When two independent research groups reach the same result in two different parts of the world that both changed their education system around the same time for the same reason, it is difficult to argue that something is not up. The gender disparity seems to begin at the same place: when the changes were made to assist girls in education.

This does not mean that the solution is to do away with the positive changes that helped girls. It does mean, however, that some of those changes were not positive for boys, and those do need to be changed.

Hilary White points the finger at feminists and cites a 2000 article Christina Hoff Sommers wrote in The Atlantic to shore up her argument. A case can be made that feminists exaggerated the rate of disparity against girls and schools have overcompensated as a result.

However, only part of the blame can lie with feminists because they are not the ones running the schools, dealing with the students, or seeing the results. At some point, teachers, parents, and principals had to notice the lower grades among boys. Yet instead of doing anything productive about it, they blamed the boys and their parents, and punished boys by holding them back a grade, drugging them, and telling them that girls are “just better”. Schools also allowed child abuse hysteria to scare off many male would-be teachers.

Schools bear the bulk of the responsibility because they are supposed to prevent this. At any point where it looks like they are losing certain students, schools are supposed to step in and make the changes needed to help those students. Instead, schools play to politics and fears of potential backlash, and appear to do little that actually works.
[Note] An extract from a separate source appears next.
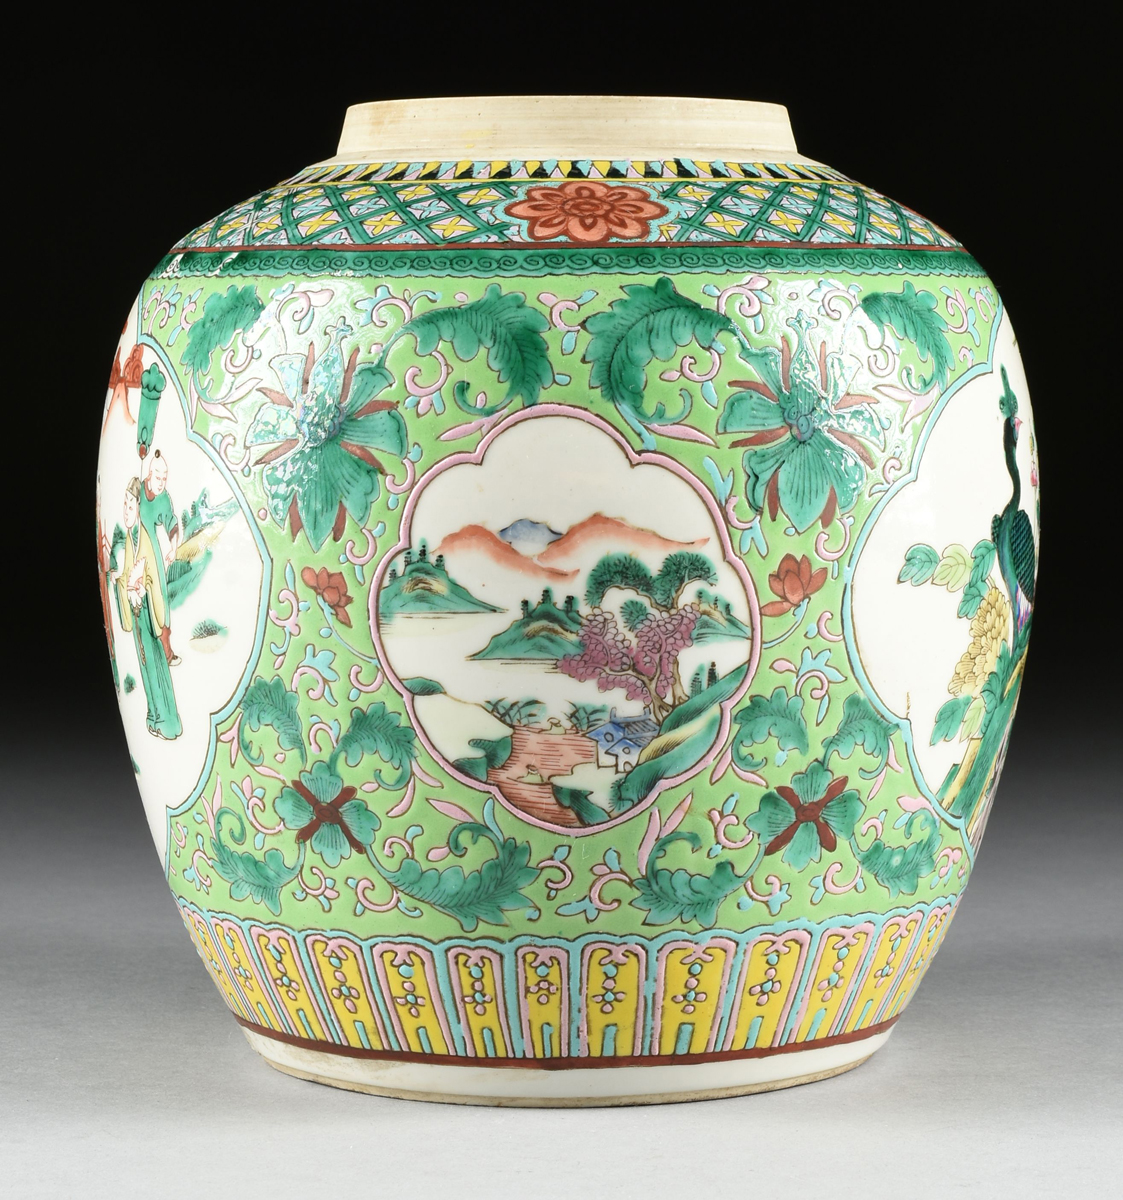 A PAIR OF CHINESE "FAMILLE VERTE" PORCELAIN GINGER JARS WITH LIDS, REPUBLIC PERIOD CIRCA 1917- - Image 9 of 14

By the time they do decide to step in, the problem is already at its zenith.

That said, we ought not discount the apparent cause of these problems: sexism that favors girls placed in the education system by feminist decree. There is just no getting around that. The gender disparity appears to be a direct result of feminist efforts.

3 thoughts on “Girls, boys, and gender bias in school part 2

  1. I’m going to stick with my old arguement from way back when.
    The disparity between male and female students if it even exists is exaggerated.
    I’m not sure how old other readers are but I graduated high school in 2011. I may not be a professional like the experts looking in from the outside but as a student looking in from the inside I can say with 100% certainty that the conditions in schools is not geared towards women over men. We all sit in the same classrooms, same textbooks, same homework. There are male teachers as well as female, I think it’s wrong to conclude “they don’t understand boys”.

    Other factors such as the general poor performance of the American education system overall plus other non standard factors such as school funding, student situations at home, etc. make an accurate study on the issue impossible.

  2. Madhippy, I graduated high school in 2001, however, I have young kids in my family. I see the difference all the time. In some places it is stark and in others slight, yet there is a difference in the expectations placed on boys versus girls and assumptions made about boys’ skills that have nothing to do with their academic ability.

    There are more male teachers in high schools than in primary schools, but most teachers are female. We also have research that directly questioned students, and even the students feel there is a bias that favors girls. So we have a legitimate problem that seems to come from gender bias.

  3. My personal observation is that boys are more result oriented, competitive, and don’t like being micro managed.

    When taking a test, showing mastery of a subject is simple. Answer the questions correctly and you win.

    Other criteria for grading like class participation, leadership ability, creativity etc. are areas where competition isn’t clear cut. There is no way to pick an objective winner therefore boys lack the motivation to work hard for those criteria.